> **What to work on**: An image-free reproduction of the data below is needed: print it exactly.

> **Dataset extract**:
# # # # #

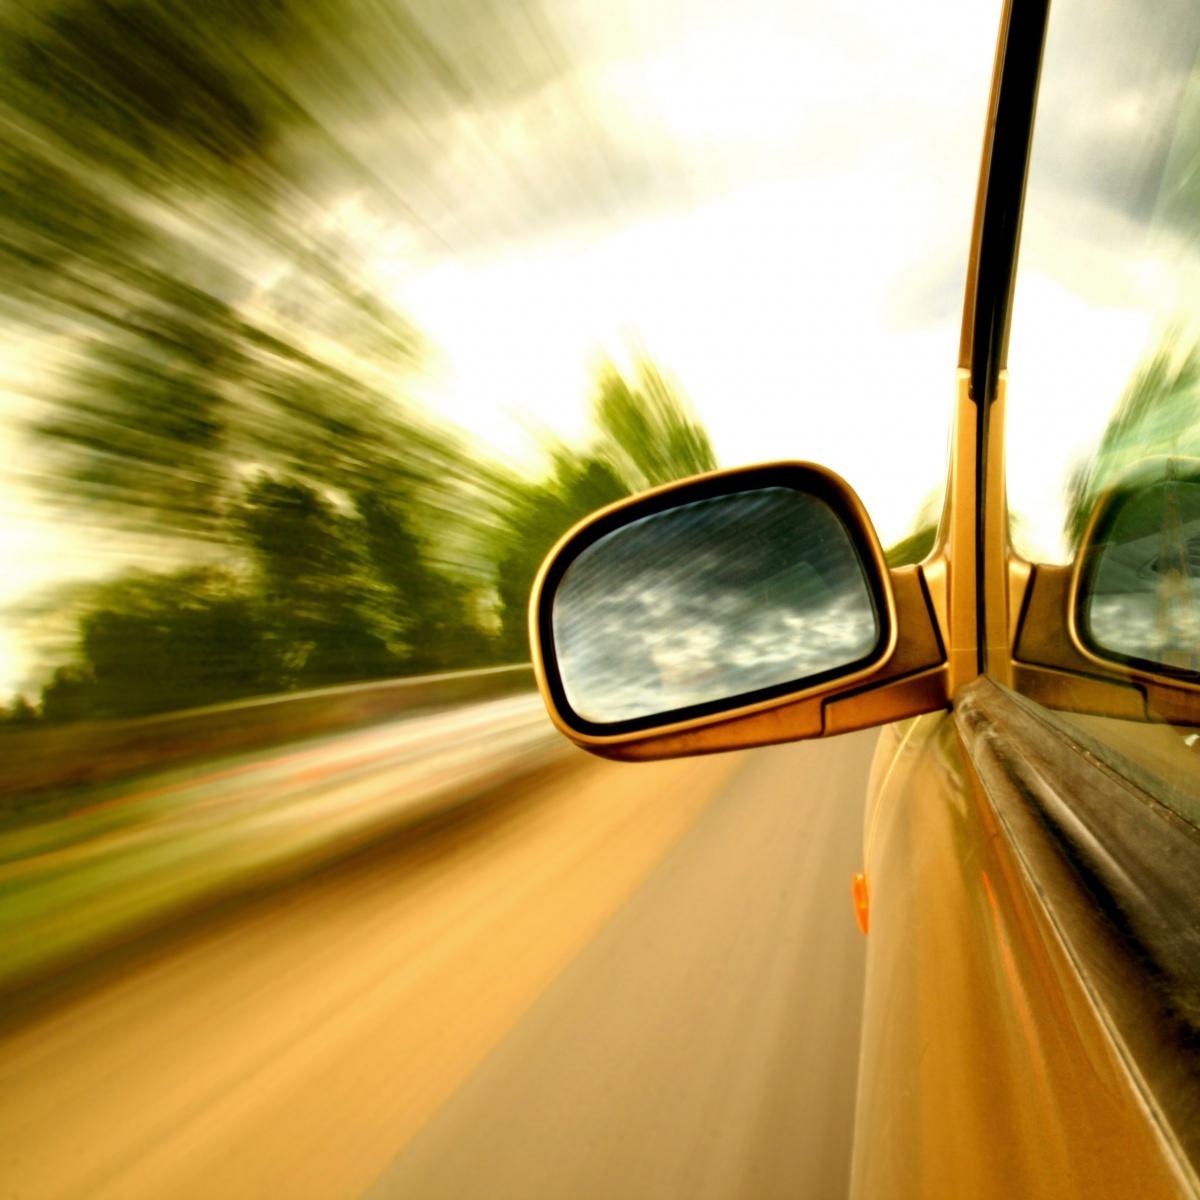 Зеркало автомобиля - Car mirror
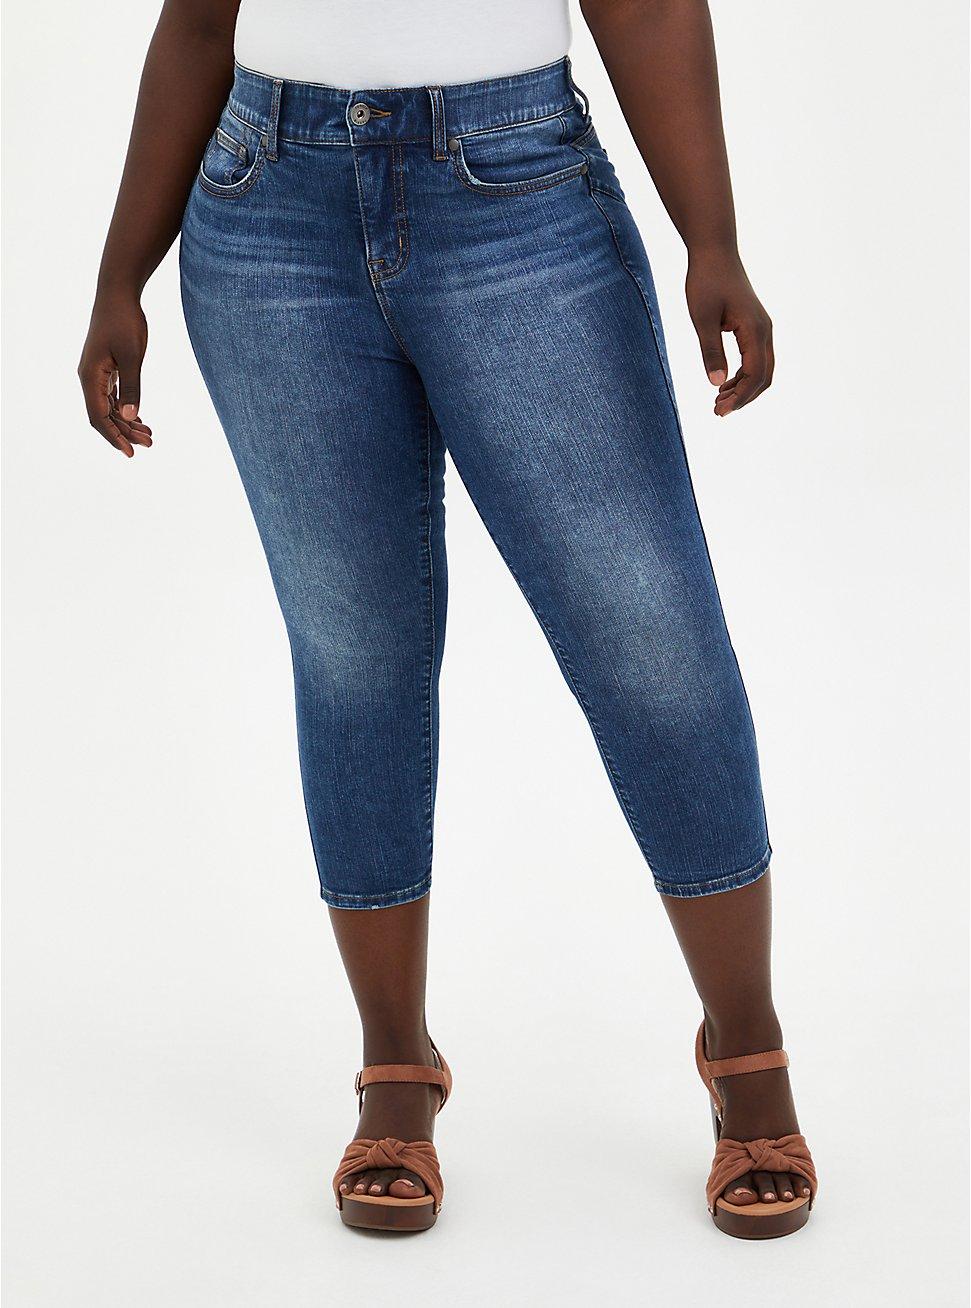 Crop Bombshell Skinny Jean - Premium Stretch Medium Wash, , fitModel1-hires
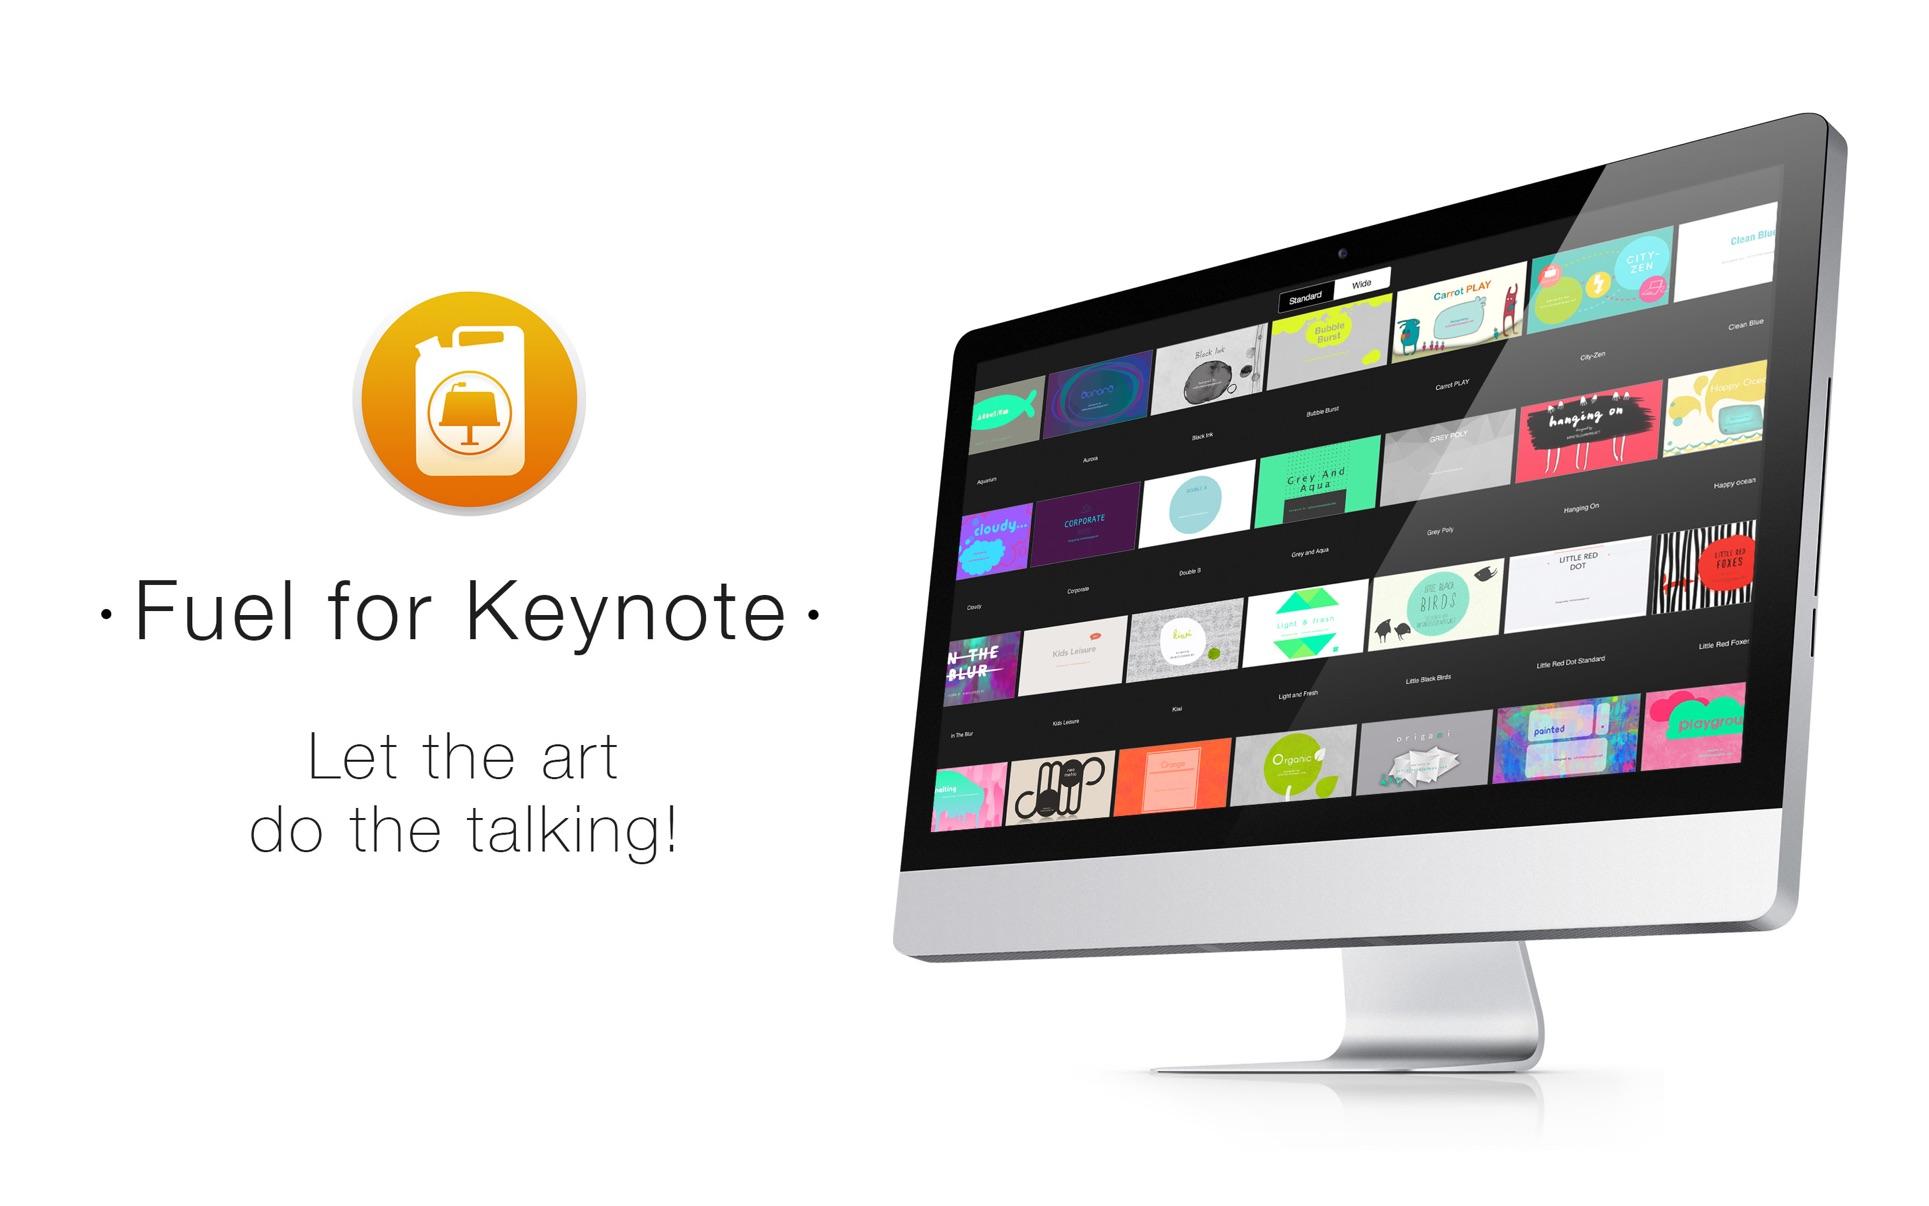 Fuel for Keynote Mac 破解版 Mac上精美的Keynote模板合集-麦氪搜(iMacso.com)

# # # # #

> **Output of the task**:
 Зеркало автомобиля - Car mirror
 Crop Bombshell Skinny Jean - Premium Stretch Medium Wash, , fitModel1-hires
 Fuel for Keynote Mac 破解版 Mac上精美的Keynote模板合集-麦氪搜(iMacso.com)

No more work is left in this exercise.